Einem Roman vorzuwerfen, er wäre konstruiert, zeugt von Ahnungslosigkeit. Wer sich jemals mit Robert Musils "Mann ohne Eigenschaften" beschäftigt hat, weiss, mit welch mathematischer Akribie der Dichter an der Architektur seines Mammutwerks gearbeitet hat. Rosamunde Pilchers Romanen muss man aber vorwerfen, dass die Konstruktion sich vor die Dichtung schiebt.
Der ZDF-Zweiteiler "Die andere Frau" kann, trotz aufwändiger Produktion und ambitionierten schauspielerischen Leistungen, nicht verbergen, wie schlicht die Vorstellungswelt der Autorin eigentlich ist. Ihren Erfolg macht aus, das die Zuschauerinnen - dass Männer sich freiwillig soviel Herzkino antun, darf von vornherein ausgeschlossen werden - immer mit denselben Klischees bedient werden: begüterter, in Villen oder Schlössern lebender britischer Mittelstand bringt andrer Leute Arbeitstag damit zu, über das Leben im Allgemeinen und die Liebe im Besonderen zu reflektieren, wobei der eine oder andere Schicksalsschlag die Idylle romanverlängernd bedroht.
Der Mann ist, aus der Pilcher-Sicht, an sich ein Schwein.
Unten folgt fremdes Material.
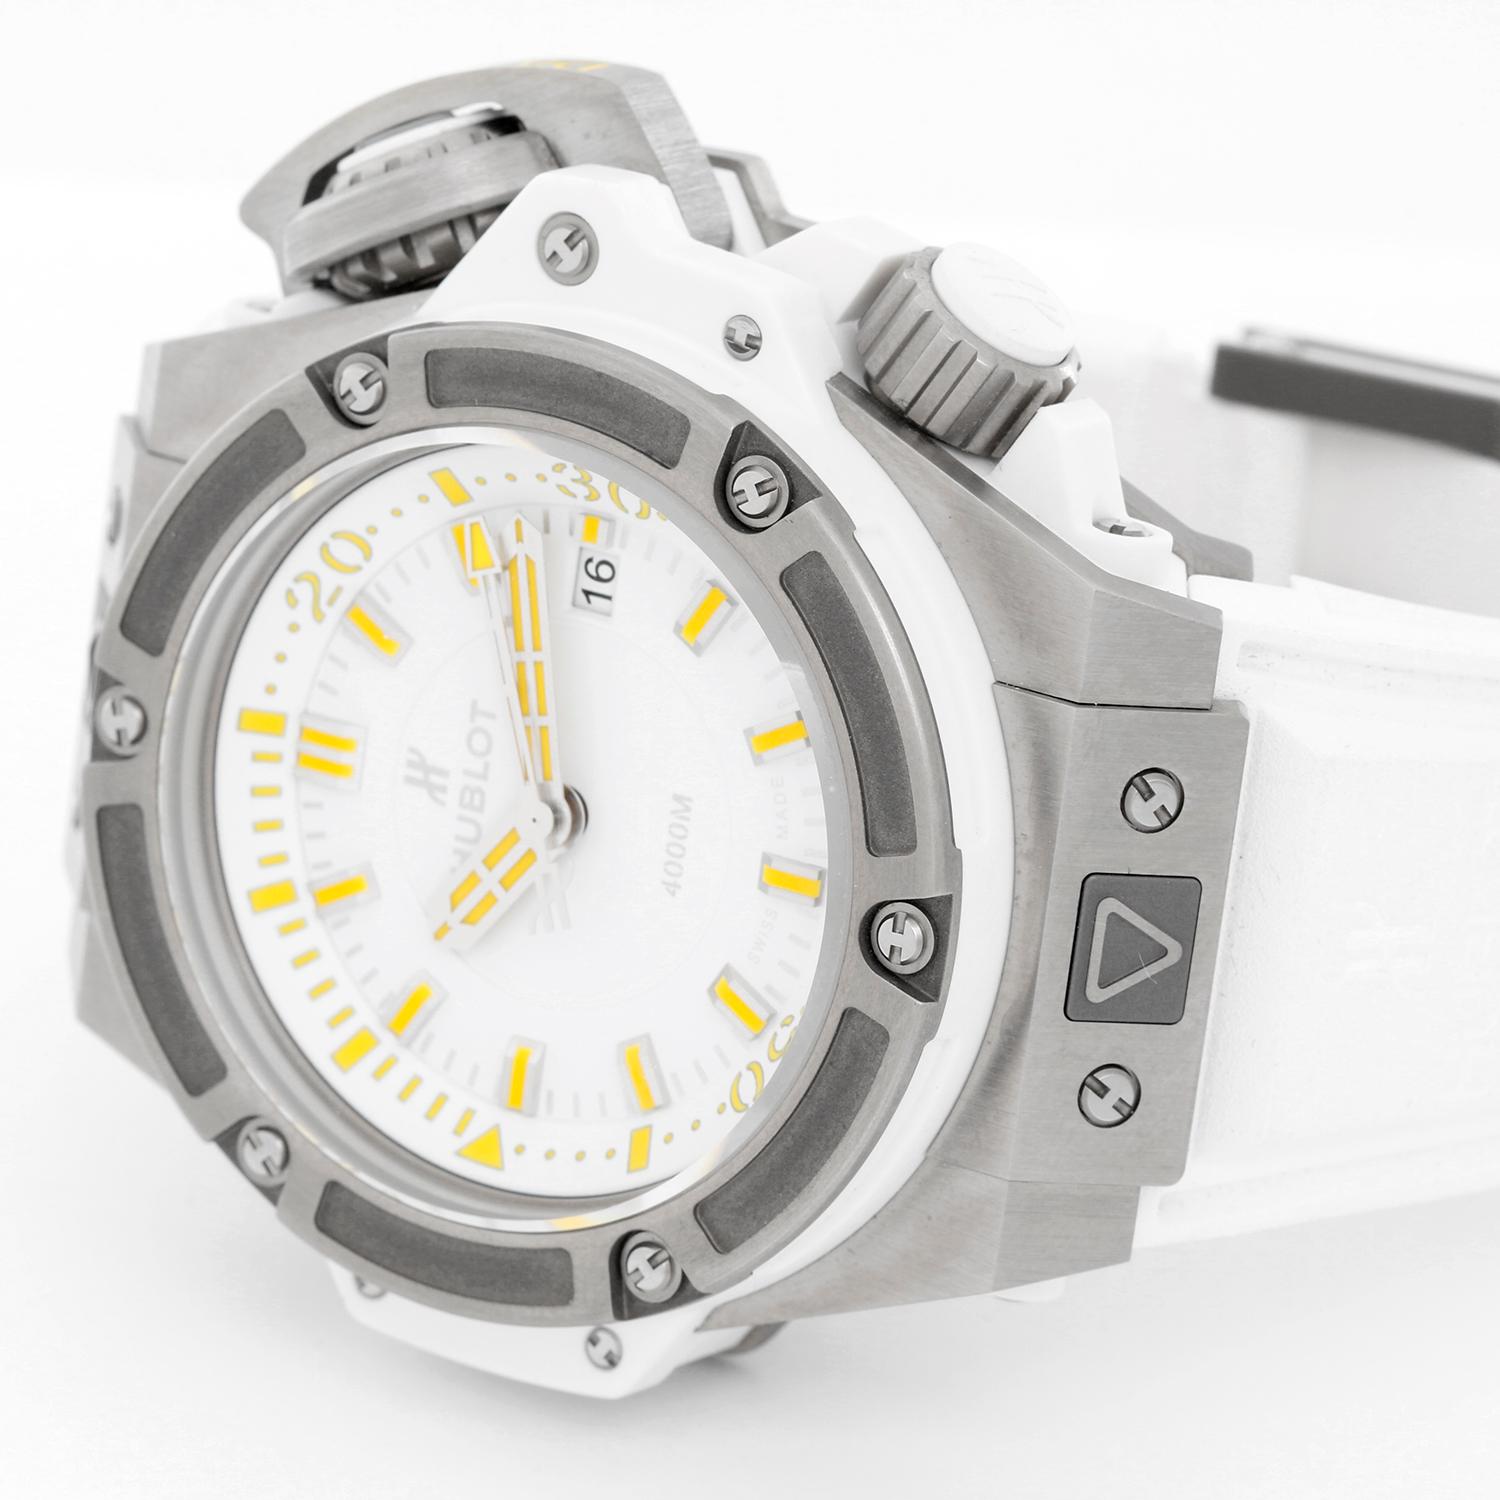 Hublot Oceanographic 4000 Cheval Blanc Randheli Special Edition - Automatic. Titanium and white ceramic case (48mm). White dial with yellow luminous markers. White rubber strap with Titanium Hublot buckle. Unused with Hublot box and papers.  Limited

In "Die andere Frau" spricht die trauernde Witwe Rebecca Kendall von ihrem bei einem Flugzeugunglück getöteten Ehemann von der Intensität, mit der dieser Wirklichkeit erfahren habe:"Es hätte für zwei Leben gereicht." Zu diesem Zeitpunkt ahnt die gute Frau noch nicht, dass ihr Mann tatsächlich ein bigamistisches Doppelleben geführt hat. Auch der Vater der anderen Ehefrau hatte seine Familie im Stich gelassen. Höhepunkt des virilen Bösen ist allerdings der fiese Bruder des Verunglückten: Rupert Everetts darstellerische Leistung besteht tatsächlich darin, stereotyp böse drein zu schauen .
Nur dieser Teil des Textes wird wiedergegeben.